We call for an increase in the volume, flow and access to finance for climate projects, alongside improved capacity and technology, including from developed to developing countries.

We the Developed Country Parties reaffirm our USD $100 billion mobilization goal. We, unanimously, call for further climate action and support, well in advance of 2020, taking into account the specific needs and special circumstances of developing countries, the least developed countries and those particularly vulnerable to the adverse impacts of climate change.

We who are Parties to the Kyoto Protocol encourage the ratification of the Doha Amendment.

We, collectively, call on all non-state actors to join us for immediate and ambitious action and mobilization, building on their important achievements, noting the many initiatives and the Marrakech Partnership for Global Climate Action itself, launched in Marrakech.
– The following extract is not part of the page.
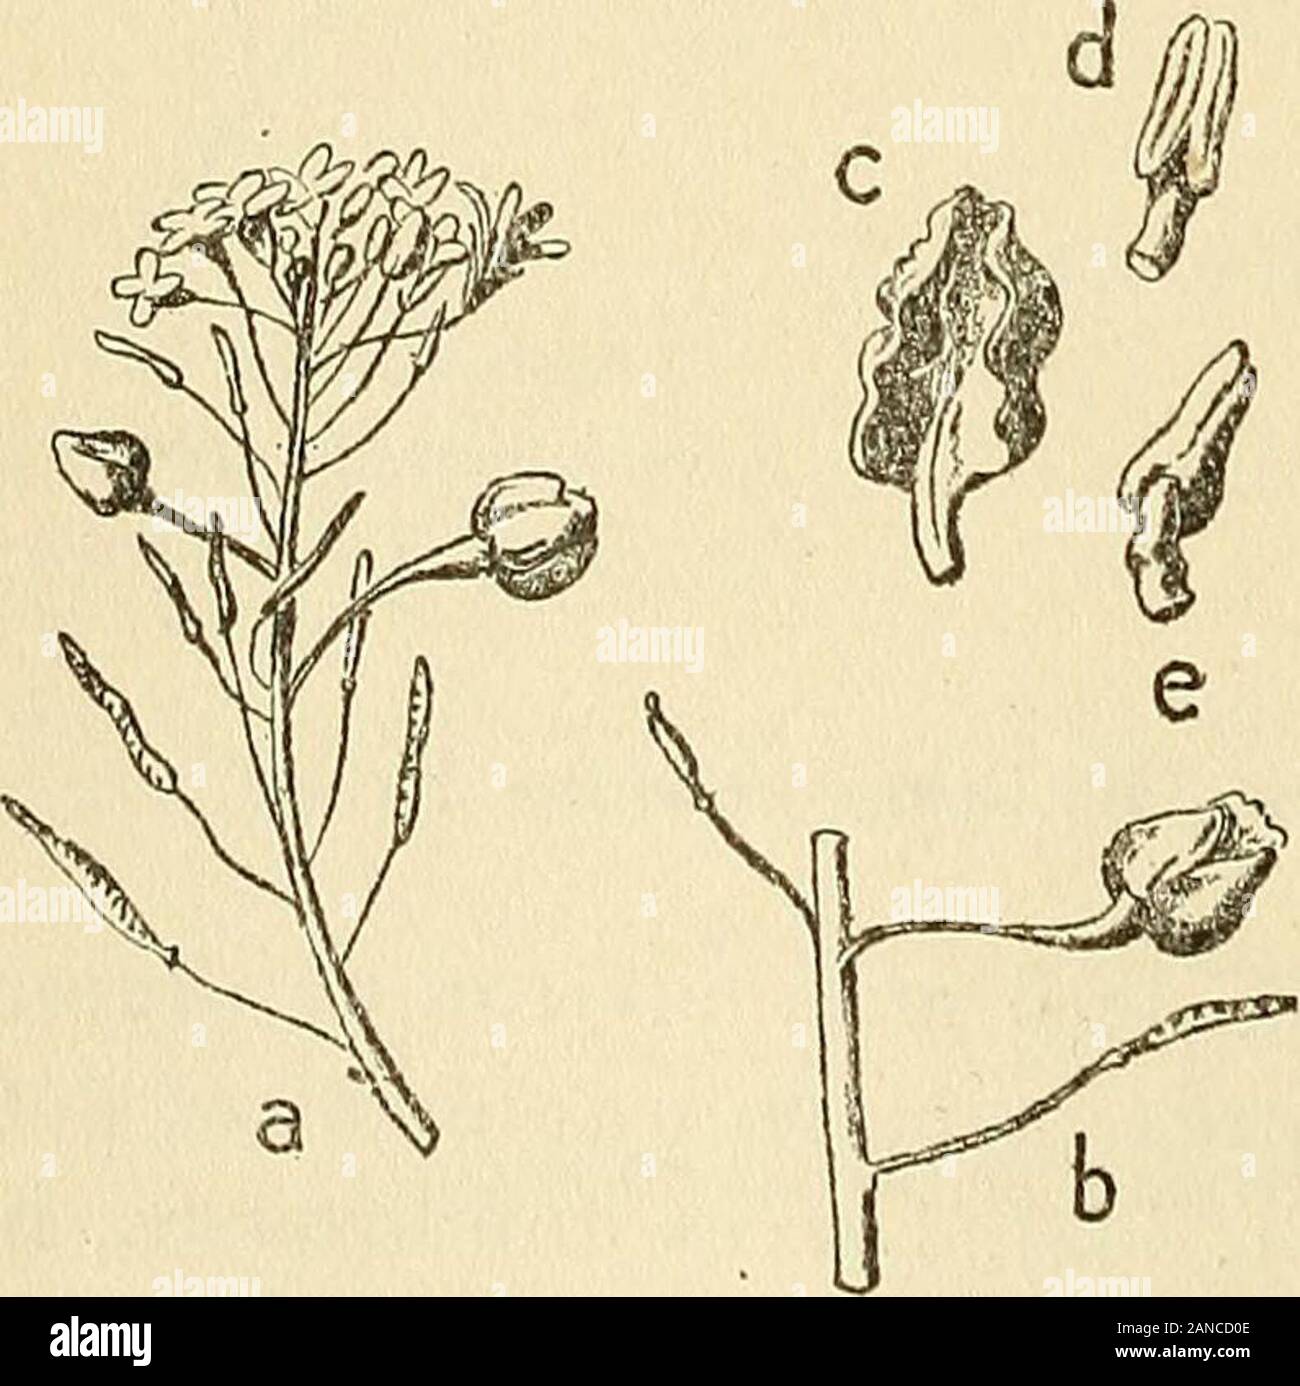 Les zoocécidies des plantes d'Afrique, d'Asie et d'Océanie : description des galles, illustration, bibliographie détaillée, répartition géographique, index bibliographique . 1848-1349, n^GGg;,!!^. ilo-2,lW6, © ; TR. Trotter, igiîi,p.7r),rii2,p.88. I CRUCIFERES 288 Pl.ti. — Renflement caulinaire, subfusiforme, de 8-i5 mm. de long-sur 3-6 mm. de diamètre transversal, situé le plus souventdans la région de linflorescence ijit^. GgS) ; il renferme unecavité allongée. [Coléoptère] 1039 trotter,i9i4,p.ii,n°20,pl.II,2, ©; i9i5,p.88. TR. nSplotaïKis [anaralls DC] Pire. — Léger renflement de laxe di Stock Photo

The transition in our economies required to meet the objectives of the Paris Agreement provides a substantial positive opportunity for increased prosperity and sustainable development.

The Marrakech Conference marks an important inflection point in our commitment to bring together the whole international community to tackle one of the greatest challenges of our time.

As we now turn towards implementation and action, we reiterate our resolve to inspire solidarity, hope and opportunity for current and future generations.